Endocrine Abstracts (2006) 11 P726

Characteristic changes of skin and it’s accessories in relation to diabetic peripheral neuropathy in patients with type 2 diabetes mellitus

LR Nikoleishvili, RB Kurashvili & NG Khachapuridze


Georgian Diabetes Center, Tbilisi, Georgia.


Background: The different changes are seen on skin and it’s accessories in patients (pts) with Type 2 Diabetes (T2D); some of them represent the prognostic indicator of complicated diabetes and some directly contribute in development of them. The aim of our study was to examine the prevalence of characteristic changes of skin and its accessories in T2D considering the grade of severity of Diabetic Peripheral Neuropathy (DPN).

Materials and methods: The objective data on foot examination of 195 pts with T2D were analyzed. (Age 38-78 yrs., DD 14.5±9 yrs., male/female 1.5/1). Pts were divided into 4 groups according to the grade of DPN; Gr.1: without DPN; Gr.2: sub clinical DPN; Gr.3: clinical DPN; Gr.4: disabling DPN (classification suggested by Boulton, 1998); the following types of skin humidity were described: normal/smooth skin; dry/flake skin and very dry/rough skin with fissures and keratoses.

Results: Skin humidity, which is the common manifestation of diabetic autonomic injury was related to the severity of DPN, particularly, DPN 2–4 times raises the possibility of dryness of the skin on the foot; the percentile of pts with very dry skin according to the groups were 11%/17%/38%/43%; the risk of callus development was significantly high in case of clinical (63%) and disabling(91%) DPN, the possibility of neuropathy ulcer was also high in Gr4 - 2 out of 7 pts. The high incidence of onychomycosis was noted, especially in Gr.3 (37.4%) and Gr.4(57.1%). The incidence of Yellow nails syndrome was very high – 39.4% of all cases in all groups. The Melin’s shin spots were found in fourth of the patients, mainly in men and it was not related to the severity of DPN; a few cases of rubeosis plantarum and bulbosis diabeticorum were revealed; the cases of necrobiosis were not noted.

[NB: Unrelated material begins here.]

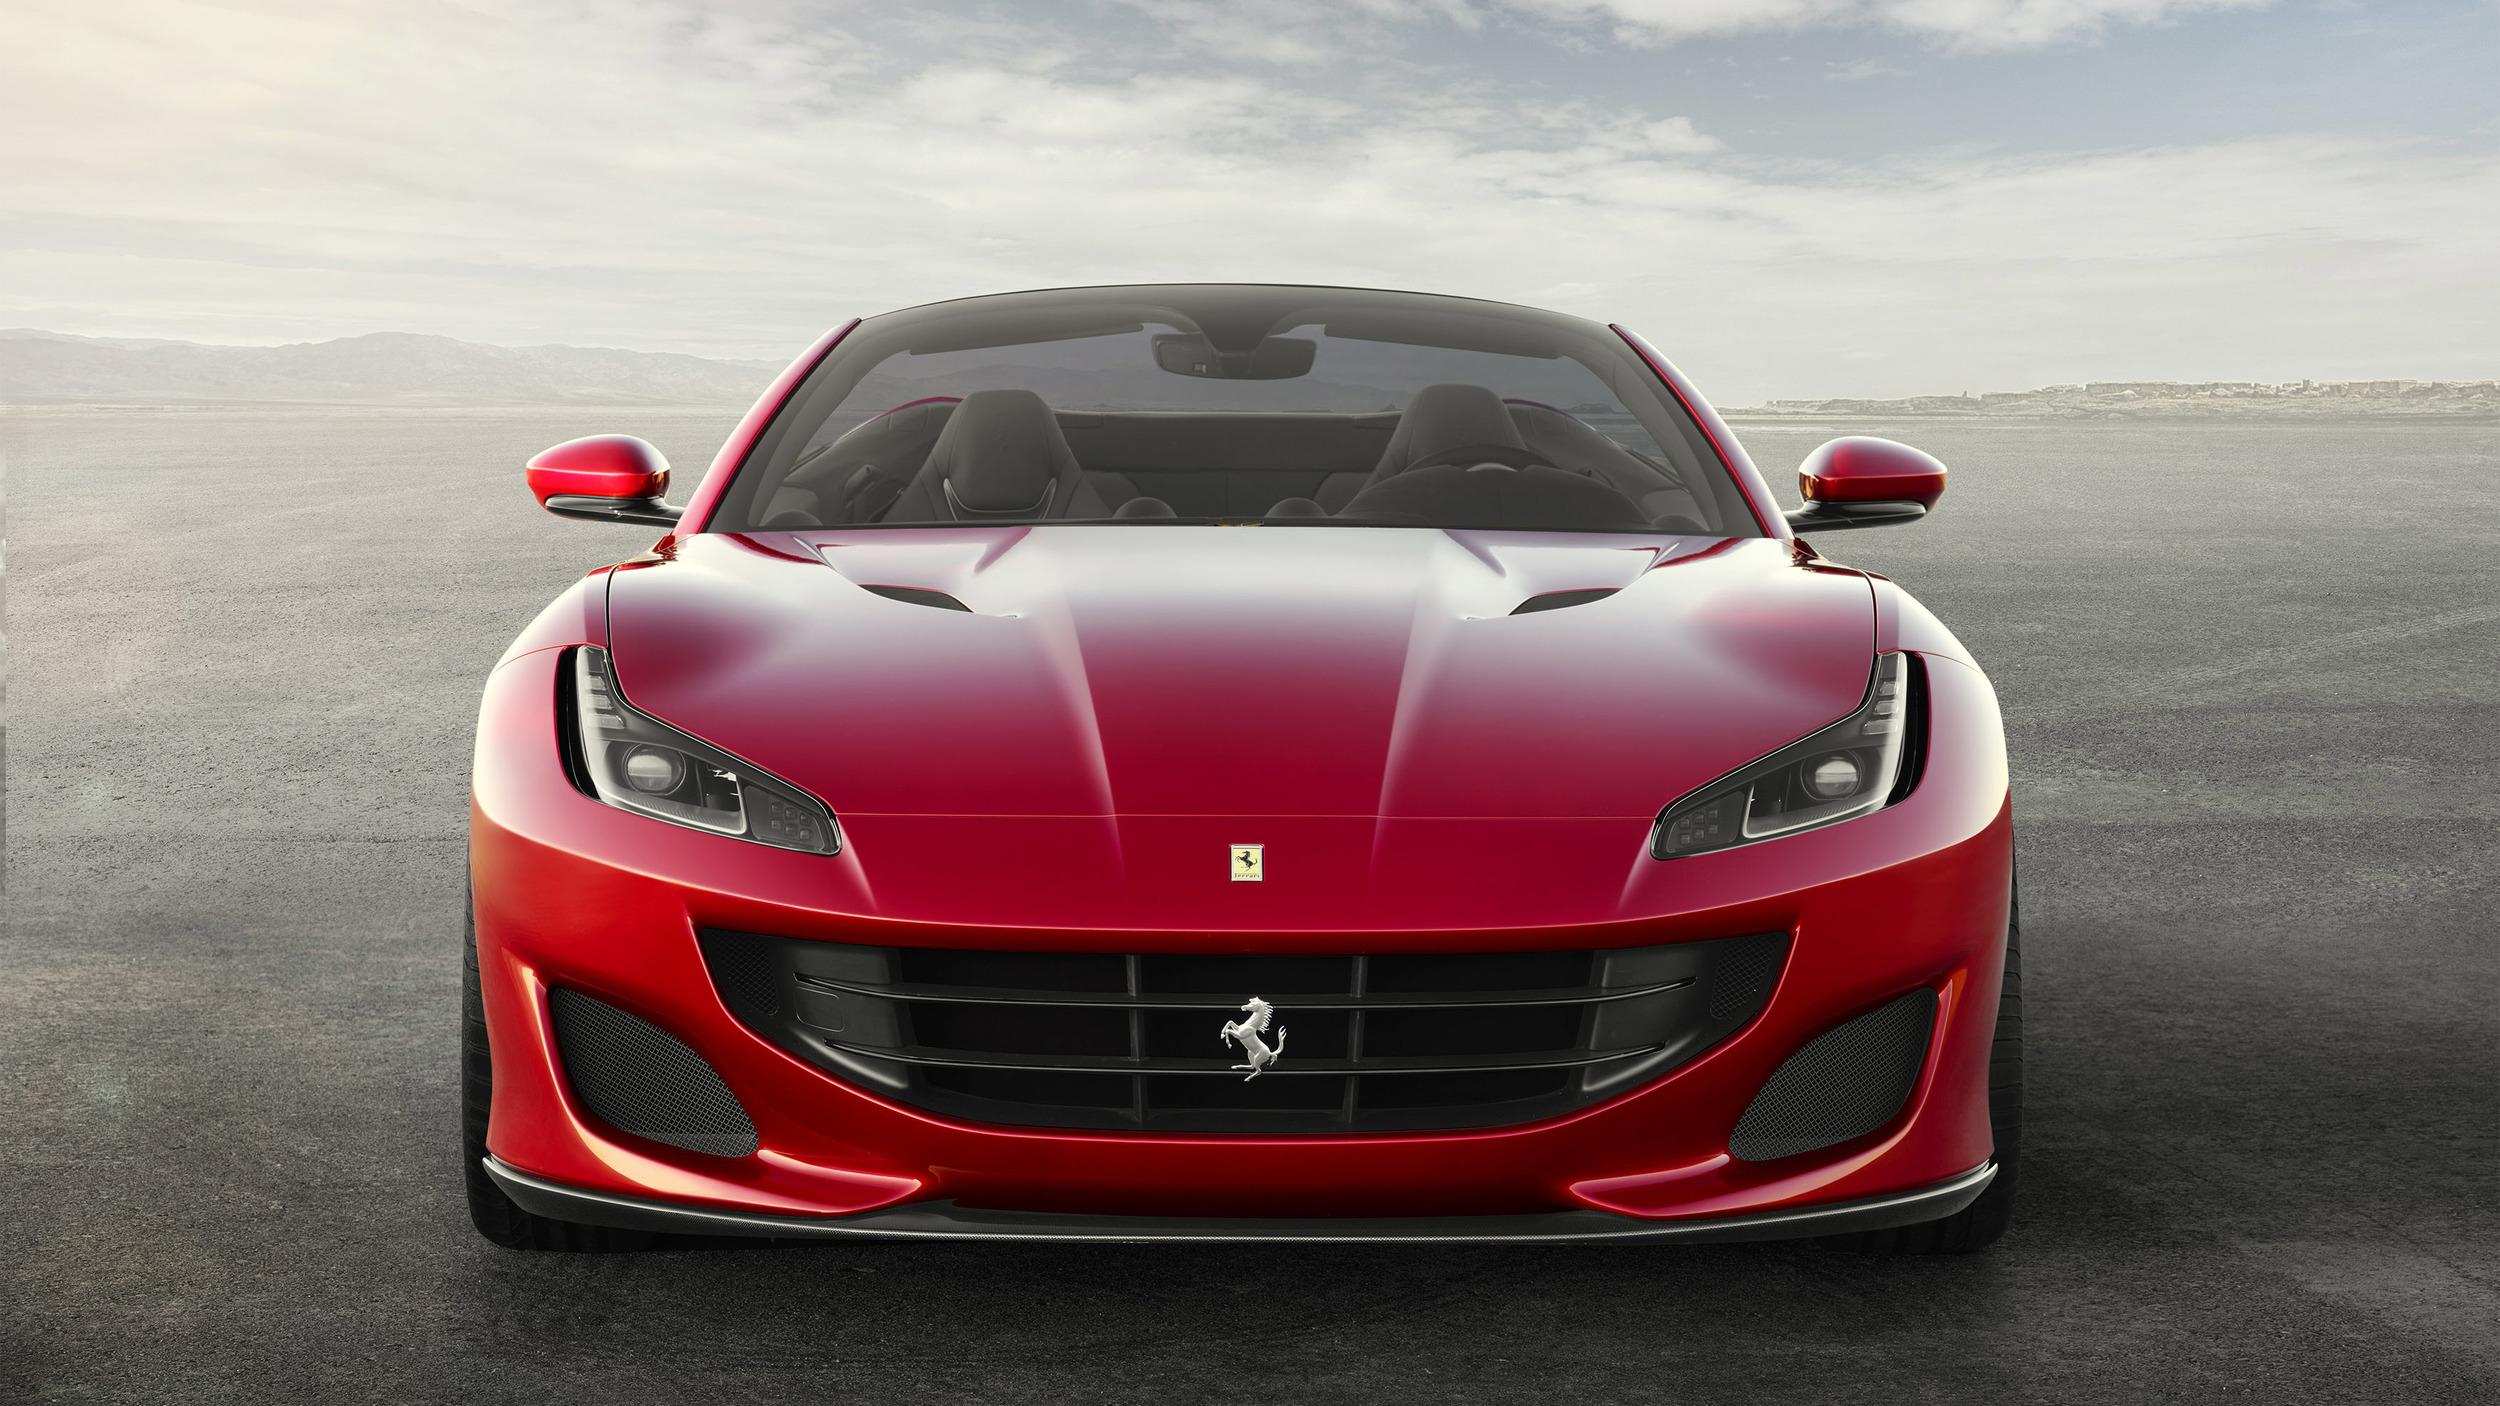 'O mais barato': Ferrari revela o seu novo modelo de entrada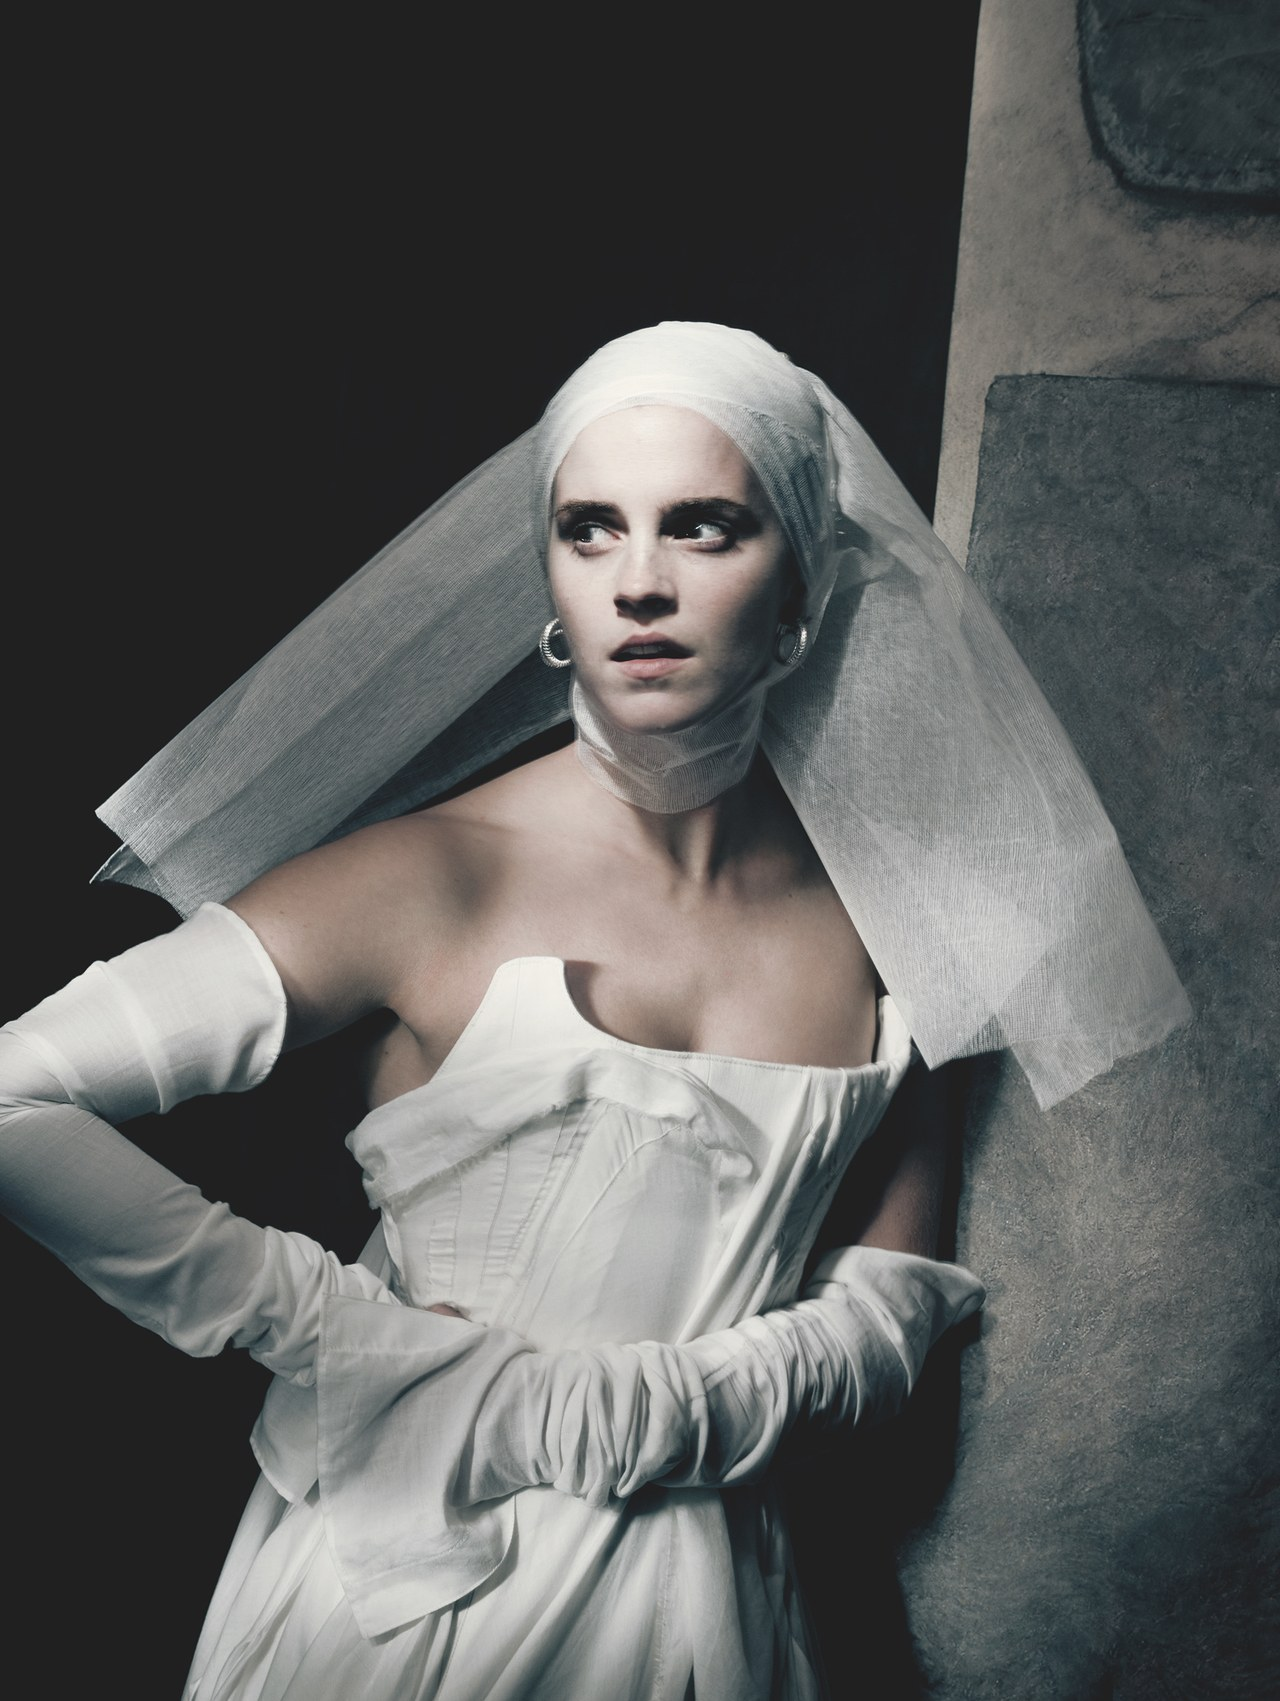 Pirelli 2020 Emma Watson - Neomag.

Conclusion: The prevalence of the characteristic changes of skin and it’s accessories in Type 2 Diabetes Mellitus is sufficient high; The incidence of dryness of the skin, callosities and onychomycosis is depended on the severity of DPN, and may have a harmful impact on the course of the foot problems and its outcome; by using of their early detection and treatment many problems concerning to diabetic foot may be avoided.